Launched two years ago, the programme has seen about 30 graduates so far, some of whom the prison management says have become "very successful". "We are teaching them responsibility they can take outside when they leave prison," said Col al Zaabi. "Prisoners are often refused by the rest of the community when they return. We want to minimise this and help them socialise." Eighty prisoners are enrolled in the programme, in which electrical, technical, financial and administrative skills are taught. Any UAE-born male prisoner may enrol. The programme is not available to women. Al Wathba jail is considering expanding the programme to expatriate prisoners and a decision is expected in the next few months.

The move is the latest measure by the UAE to reintegrate prisoners into society. The country is leading the way among GCC states in adopting a more progressive attitude to the treatment of prisoners and reintegrating them in communities. Khadeja al Otaiba, a social worker at the women's prison, said having inmates mingling together rather than divided on different security levels encouraged them to socialise and discouraged the formation of a negative self-image.

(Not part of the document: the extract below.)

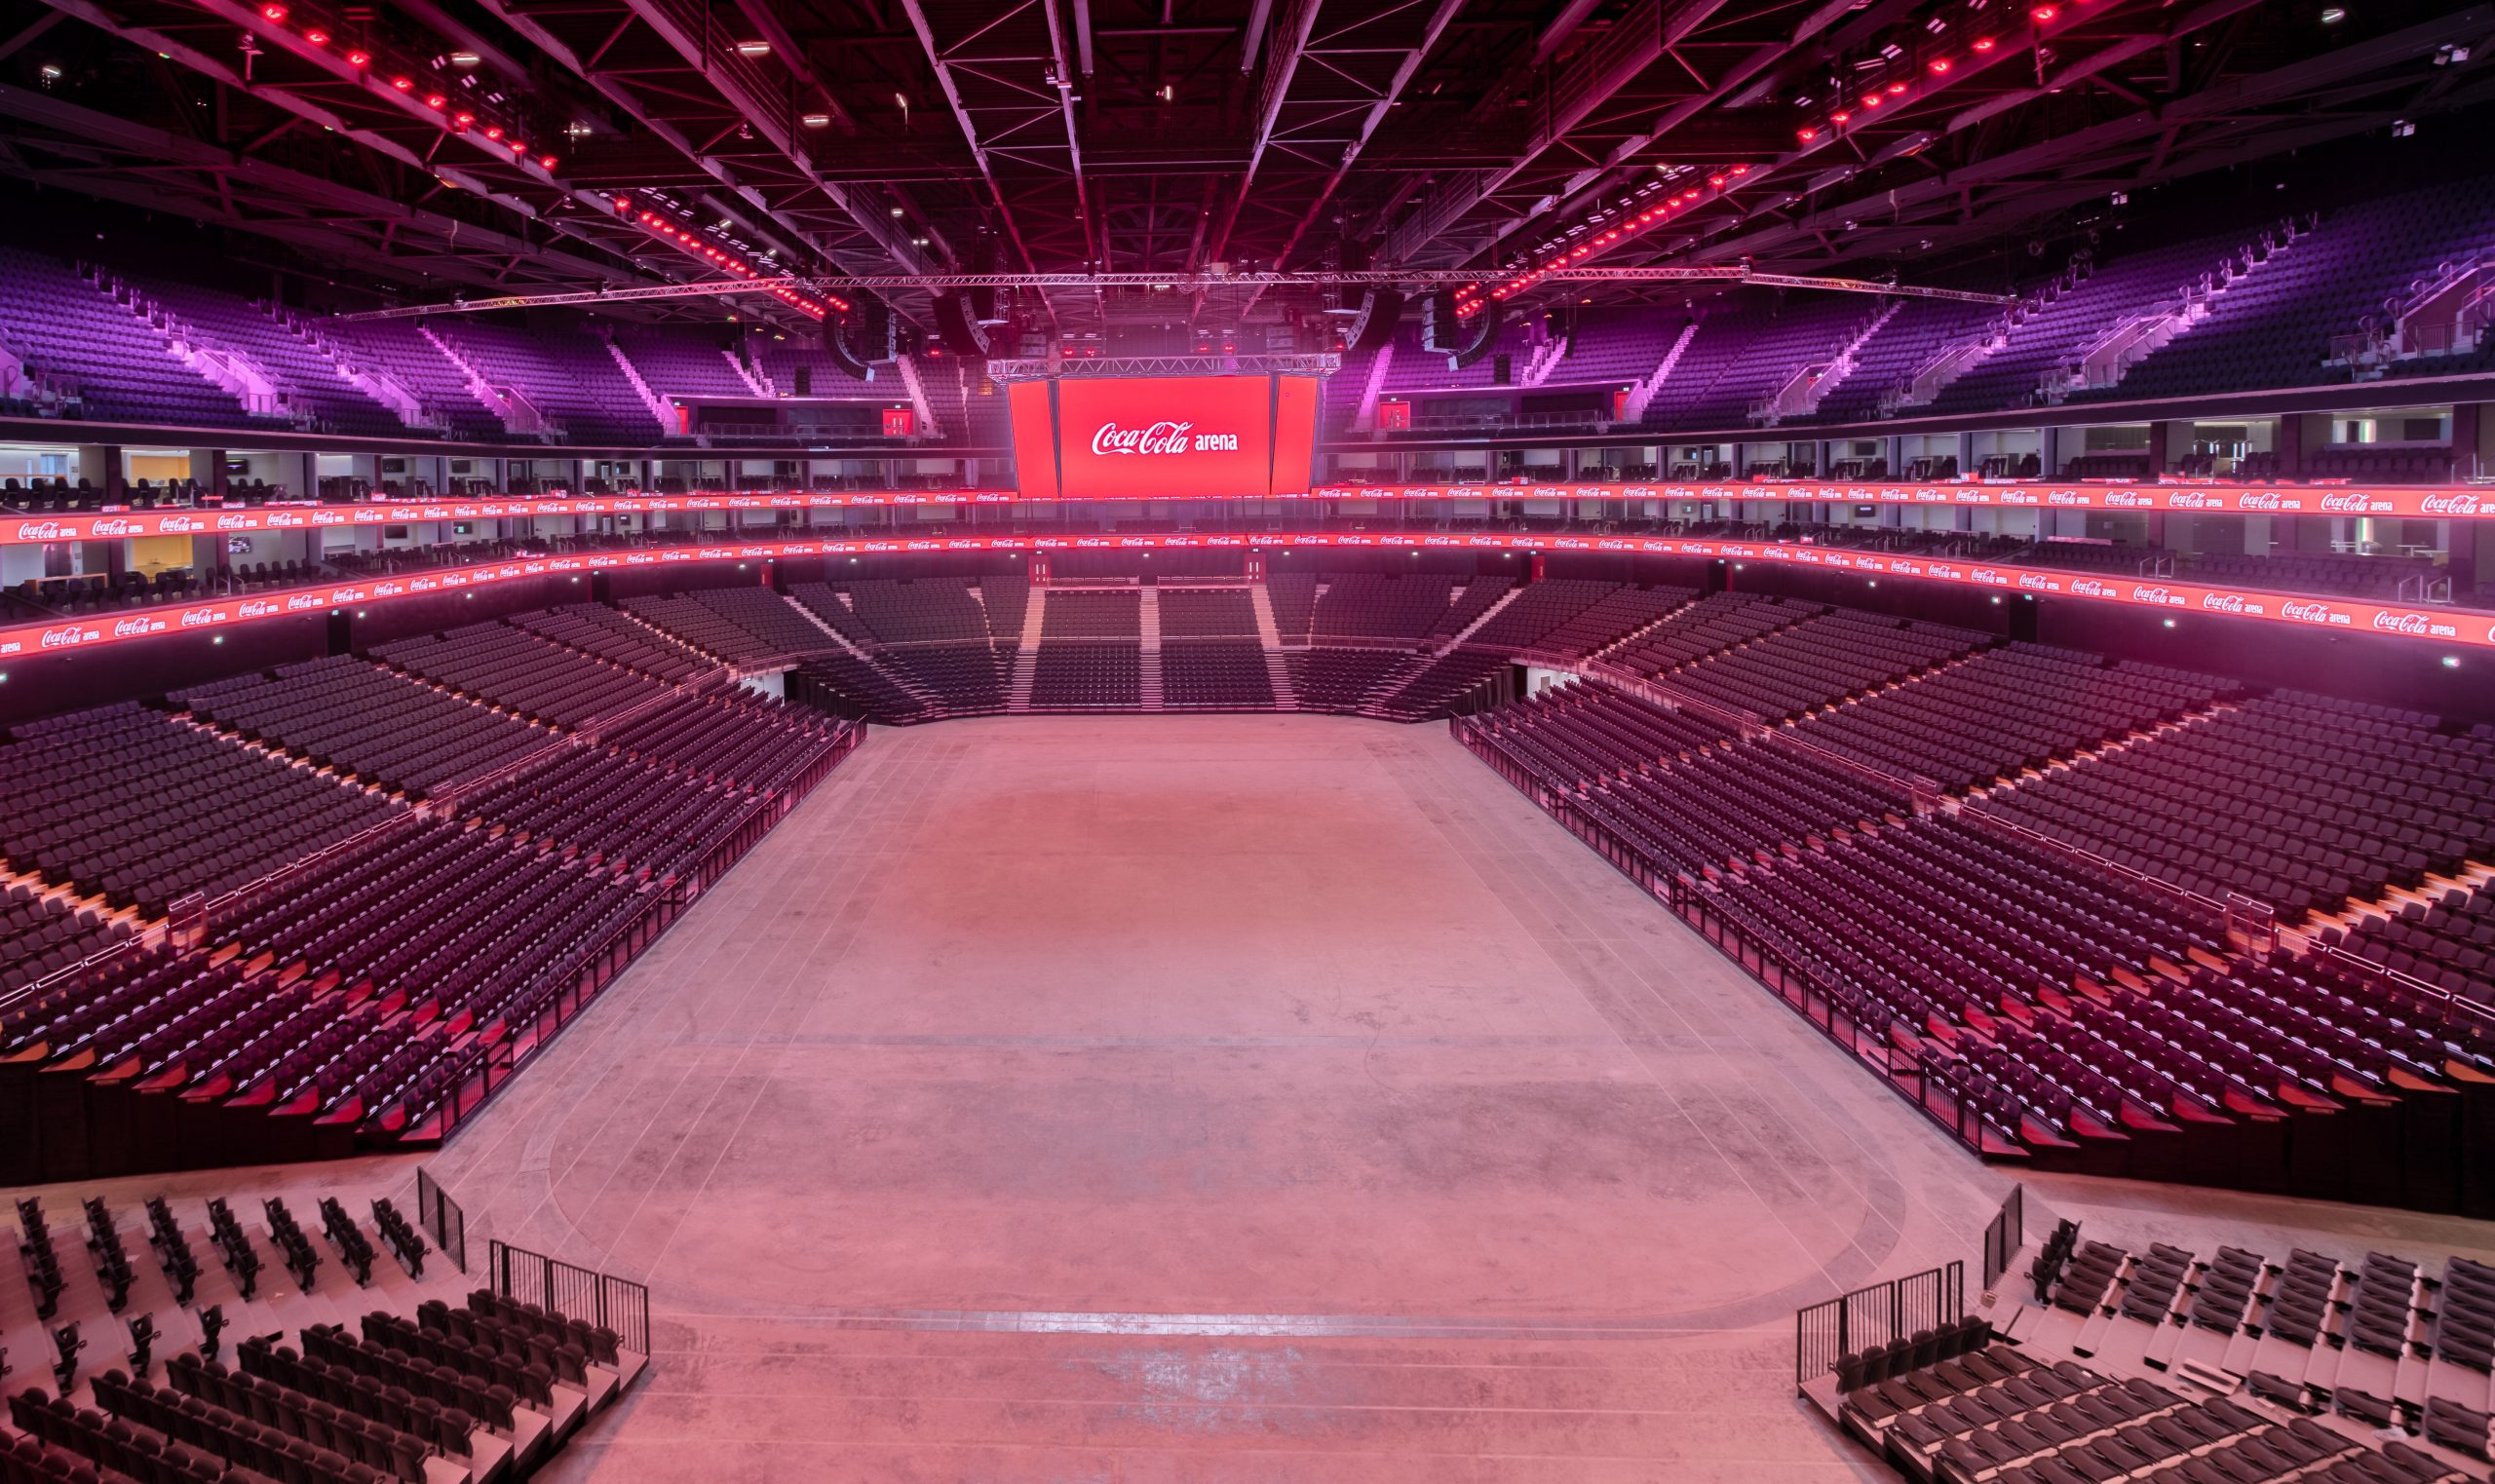 A First Look Inside Dubai's Coca-Cola Arena - GQ Middle East

"I talk with [the women] as much as possible," she said. "Most of them come to jail and ask themselves why they [committed] the crime. We try to help them." Prison administrators have been in talks with the independent Khalifa Fund to expand the job opportunities for inmates. The fund was set up to help Emirati nationals begin their own businesses by offering financial resources and advice. No decisions or details have been finalised, but Marwan al Otaiba, the fund's marketing officer, said the programme should be launched in the next two months.